Scientific publications

The European Registry for Patients with Mechanical Circulatory Support of the European Association for Cardio-Thoracic Surgery: third report. Scientific Publication

Feb 12, 2022 | Magazine: European Journal of Cardiothoracic Surgery

Theo M M H de By  1 , Felix Schoenrath  2   3 , Kevin M Veen  4 , Paul Mohacsi  5 , Julia Stein  2   3 , Khalid M M Alkhamees  6 , Kyriakos Anastasiadis  7 , Alexander Berhnardt  8 , Friedhelm Beyersdorf  9   10 , Kadir Caliskan  4 , David Reineke  11 , Kevin Damman  12 , Arnt Fiane  13 , Angeliki Gkouziouta  14 , Can Gollmann-Tepeköylü  15 , Gustafsson Finn  16 , Michal Hulman  17 , Attilio Iacovoni  18 , Antonio Loforte  19 , Bela Merkely  20 , Francesco Musumeci  21 , Petr Němec  8 , Ivan Netuka  22 , Mustafa Özbaran  23 , Evgenij Potapov  2   3 , Yuri Pya  24 , Gregorio Rábago  25 , Faiz Ramjankhan  26 , Hermann Reichenspurner  27 , Diyar Saeed  28 , Elena Sandoval  29 , Bernard Stockman  30 , Marc Vanderheyden  30 , Laurens Tops  31 , Thorsten Wahlers  32 , Michael Zembala  33 , Daniel Zimpfer  34 , Thierry Carrel  35 , Jan Gummert  36 , Bart Meyns  37


Objectives: In the third report of the European Registry for Patients with Mechanical Circulatory Support of the European Association for Cardio-Thoracic Surgery, outcomes of patients receiving mechanical circulatory support are reviewed in relation to implant era.

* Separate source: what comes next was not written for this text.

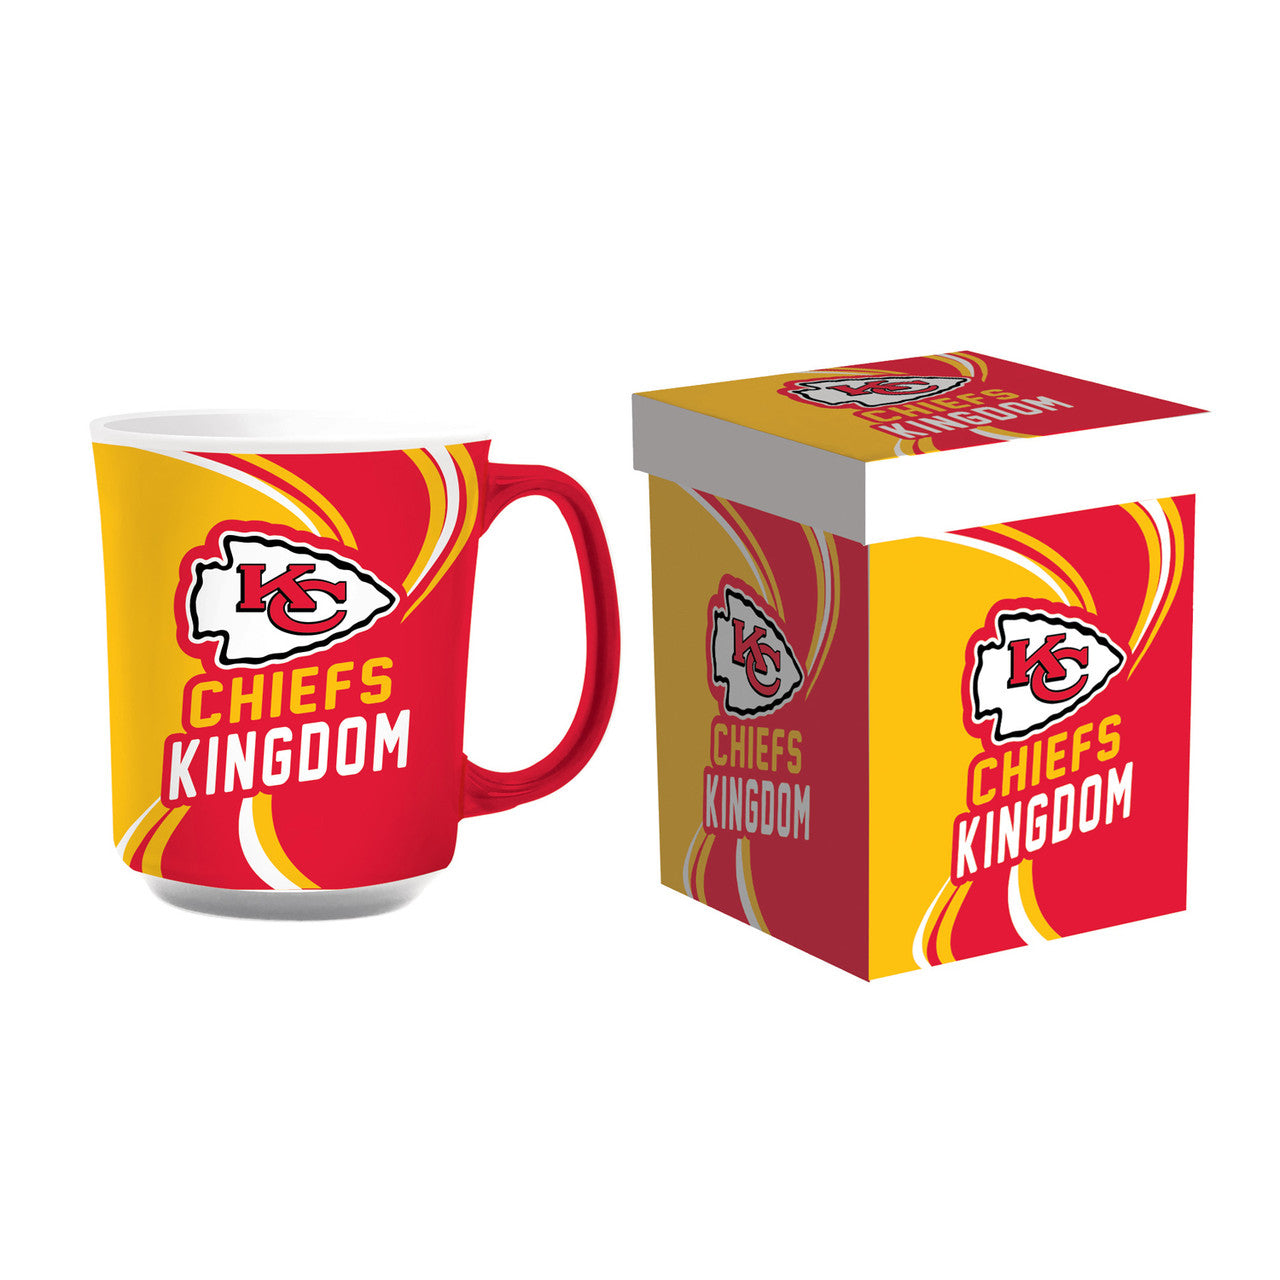 Chiefs 14oz Coffee Mug by Evergreen. Team colors, logo, microwave-safe. Officially licensed NFL gear.

Methods: Procedures in adult patients (January 2011-June 2020) were included. Patients from centres with <60% follow-ups completed were excluded. Outcomes were stratified into 3 eras (2011-2013, 2014-2017 and 2018-2020). Adverse event rates (AERs) were calculated and stratified into early phase (<3 months) and late phase (>3 months). Risk factors for death were explored using univariable Cox regression with a stepwise time-varying hazard ratio (<3 vs >3 months).

Results: In total, 4834 procedures in 4486 individual patients (72 hospitals) were included, with a median follow-up of 1.1 (interquartile range: 0.3-2.6) years. The annual number of implants (range: 346-600) did not significantly change (P = 0.41). Both Interagency Registry for Mechanically Assisted Circulatory Support class (classes 4-7: 23, 25 and 33%; P < 0.001) and in-hospital deaths (18.5, 17.2 and 11.2; P < 0.001) decreased significantly between eras. Overall, mortality, transplants and the probability of weaning were 55, 25 and 2% at 5 years after the implant, respectively. Major infections were mainly noted early after the implant occurred (AER<3 months: 1.44 vs AER>3 months: 0.45). Bilirubin and creatinine levels were significant risk factors in the early phase but not in the late phase after the implant.

Conclusions: In its 10 years of existence, EUROMACS has become a point of reference enabling benchmarking and outcome monitoring. Patient characteristics and outcomes changed between implant eras. In addition, both occurrence of outcomes and risk factor weights are time dependent.

CITATION Eur J Cardiothorac Surg. 2022 Jun 15;62(1):ezac032. doi: 10.1093/ejcts/ezac032.